How do I stop the heartbreak whenever I try to end things with him? No judgment pls
I (29F) was sent to another country last May for 2 weeks for work. On my 2nd week I met this man (34M. He's married and I'm in an 8yr relationship with my bf. When I was there, there wasn't anything inappropriate at all. He took me out to dinner sometimes with another member and sometimes just the 2 of us. We became close on my 2nd week there and on my last day we went out sightseeing together and we had an emotional goodbye. We had a goodbye hug. While I was in the airport, we didn't stop messaging and talking on the phone. He ended up confessing to me that he likes me.
I didn't actually like him back as a person but I loved the feeling of being liked. I felt giddy and had butterflies and it was so nice to be liked by someone.

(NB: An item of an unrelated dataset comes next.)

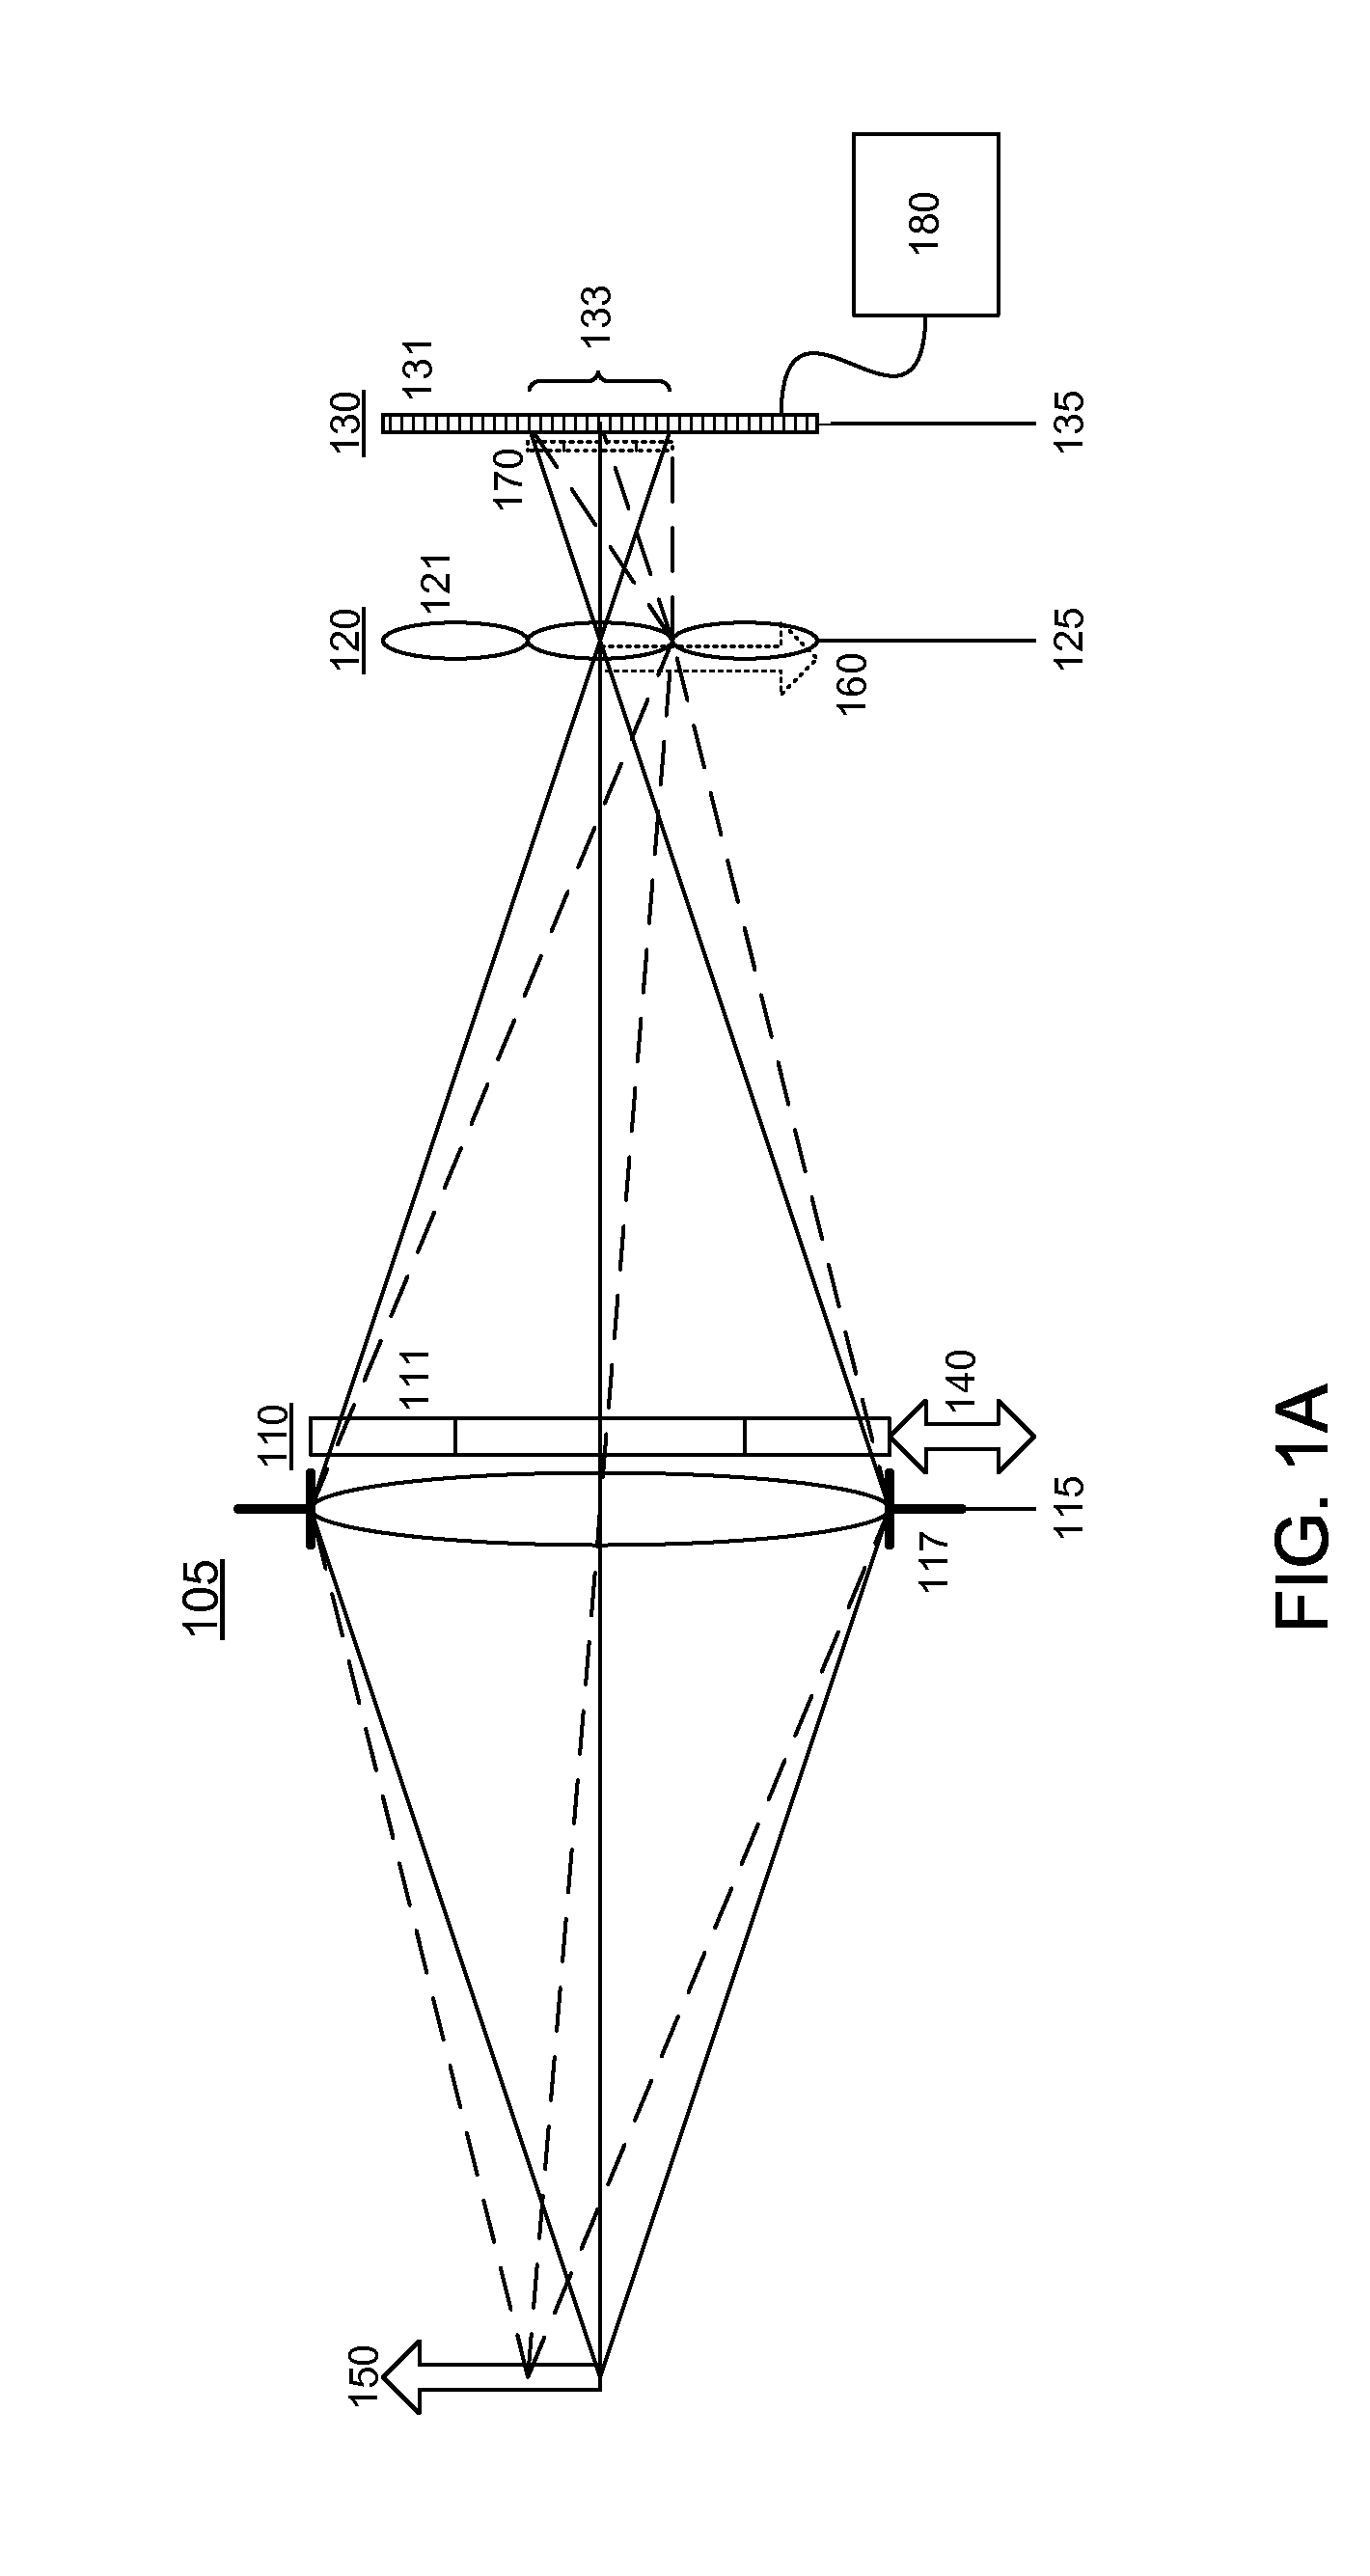 Adjustable multimode lightfield imaging system having an actuator for changing position of a non-homogeneous filter module relative to an image-forming optical module

He's living separately with his wife because he's working in the city and she's working in her hometown which is 12 hrs away. He said she can't find work in the city and he said the salary is only half of what he's getting if he works in his hometown. He hasn't gone home to her for 6 months.
I was very emotional leaving the country. It was my 1st time being by myself, having my own room, and being independent. And I met him. He said that we have a connection in our souls. We kept talking even when I was back in my country. I wrote poems about us meeting but not being fated together. It was beautiful for me. Meeting someone you had a connection with but all the circumstances were wrong.
At first, there was only missing each other. He tried to request for me to be sent back there and I really wanted to go back. I wanted another week with him just to be together. But it failed. So I can't go back anymore. His messages and calls became more and more sexual.
So there was a misalignment. Me missing him because I liked talking to him. I enjoyed hearing his laughter and seeing him smile when he sees me. Him desiring me so much physically. He says he really wants to have sex with me. I said even if we meet again, we can't because I've promised myself I would only do it after marriage.
My last day in this company is tomorrow. I have told him several times I am feeling guilty to my partner whenever our talk is becoming sexual. He says we should talk less because it's hard for him because he really desires me.
I tried to not talk to him for 2 days and it failed because I was so sad and I kept crying again and again the whole day. So on the 3rd day I ended up calling him again and our talk became sexual again.
I don't know how to end this without heartbreak. I have an emotional attachment towards him. I'm not imagining a future with him. I don't want him as a husband. I would really like it if we could still be friends but for him he said he would always think of me as more than a friend. He always imagines me naked and having sex with me. Me, I just really like to talk to him.
For those who have successfully ended their emotional affair, how did you do it? Please give me your advice. I have a history of depression so I was really scared when I felt myself spiraling down when I tried not to talk to him. I also have adhd and whenever I talk to him I get a dopamine hit and it feels really addicting.